Here is a summary of how I will use the Intermediate Value Theorem in the problems that follow.

$\ \ \ \$ 1. Define a function $y=f(x)$.
$\ \ \ \$ 2. Define a number ($y$-value) $m$.
$\ \ \ \$ 3. Establish that $f$ is continuous.
$\ \ \ \$ 4. Choose an interval $[a, b]$.
$\ \ \ \$ 5. Establish that $m$ is between $f(a)$ and $f(b)$.
$\ \ \ \$ 6. Now invoke the conclusion of the Intermediate Value Theorem.

In the list of Differentials Problems which follows, most problems are average and a few are somewhat challenging.

• PROBLEM 1 : Use the Intermediate Value Theorem to prove that the equation $3x^5-4x^2=3$ is solvable on the interval [0, 2].

• PROBLEM 2 : Use the Intermediate Value Theorem to prove that the equation $e^x = 4-x^3$ is solvable on the interval [-2, -1].

• PROBLEM 3 : Use the Intermediate Value Theorem to prove that the equation $x^3+2x-5=0$ is solvable.

• PROBLEM 4 : Use the Intermediate Value Theorem to prove that the equation $e^x+x+2=0$ is solvable.

• PROBLEM 5 : Use the Intermediate Value Theorem to prove that the equation $x^5-3x=4-x^2$ is solvable.

• PROBLEM 6 : Use the Intermediate Value Theorem to prove that the equation $x^3=20+ \sqrt{x}$ is solvable.

• PROBLEM 7 : Use the Intermediate Value Theorem to prove that the equation $x^3+2= \sin{x}$ is solvable.

• PROBLEM 8 : Use the Intermediate Value Theorem to prove that the equation $x^2-4x^3+1 = x-7$ is solvable.

• PROBLEM 9 : Use the Intermediate Value Theorem to prove that the equation $x e^x = x^2-1$ is solvable.

• PROBLEM 10 : Use the Intermediate Value Theorem to prove that the equation $x^3 \cos x = 4$ is solvable.

• PROBLEM 11 : Use the Intermediate Value Theorem to prove that the equation $\displaystyle{ x^4 \over x+1 } = x^2+5$ is solvable.

• PROBLEM 12 : Use the Intermediate Value Theorem to prove that the equation $\displaystyle{ x-1 \over x^2+2 } = \displaystyle{ 3-x \over x+1 }$ is solvable.

• PROBLEM 13 : Use the Intermediate Value Theorem to prove that the equation $\tan x = 1-x$ is solvable.

• PROBLEM 14 : Use the Intermediate Value Theorem to prove that the equation $x^3 = 2x^2+3x-3$ has three solutions.

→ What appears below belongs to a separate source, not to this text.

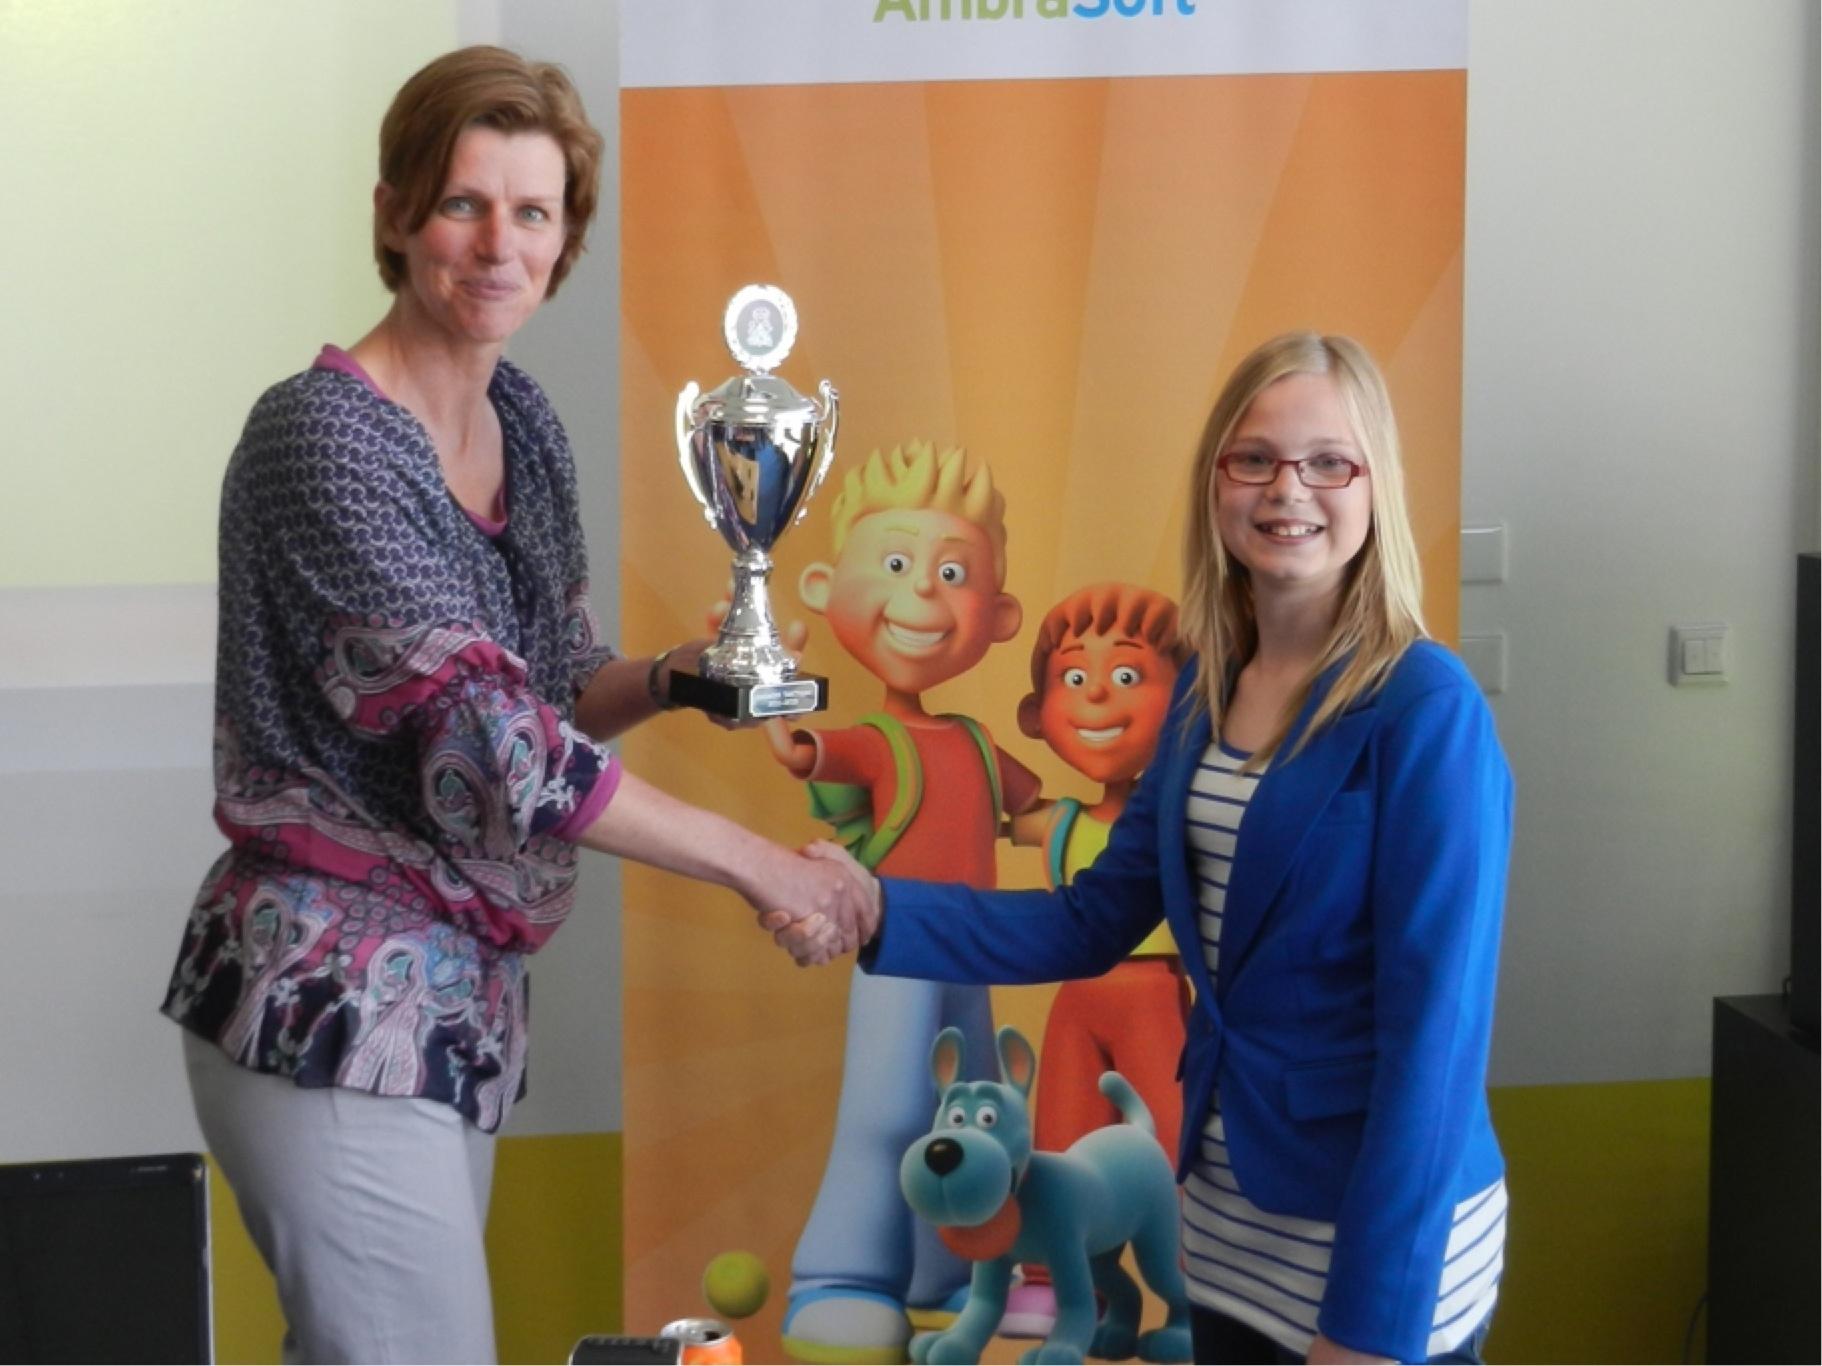 Dit is de #TafelTopper Thuis van 2011-2012: Paulien Baars krijgt de beker van AmbraSoft-manager Janine Ziemerink. http://t.co/l87ERv2A

• PROBLEM 15 : Use the Intermediate Value Theorem to prove the following statement: If $f$ is a continuous function on the interval $[0, 1]$ with $f(0)>0$ and $f(1)<1$, then there is some number $c$ in the interval $[0, 1]$ which satisfies $f(c)=c$. (In mathematics this number $c$ is called a fixed point for $f$.)

• PROBLEM 16 : Use the Intermediate Value Theorem to prove the following statement: If $f$ is a continuous function on the interval $[0, 2]$ with $f(0)>0$ and $f(2)<4$, then there is some number $c$ in the interval $[0, 2]$ which satisfies $f(c)=c^2$.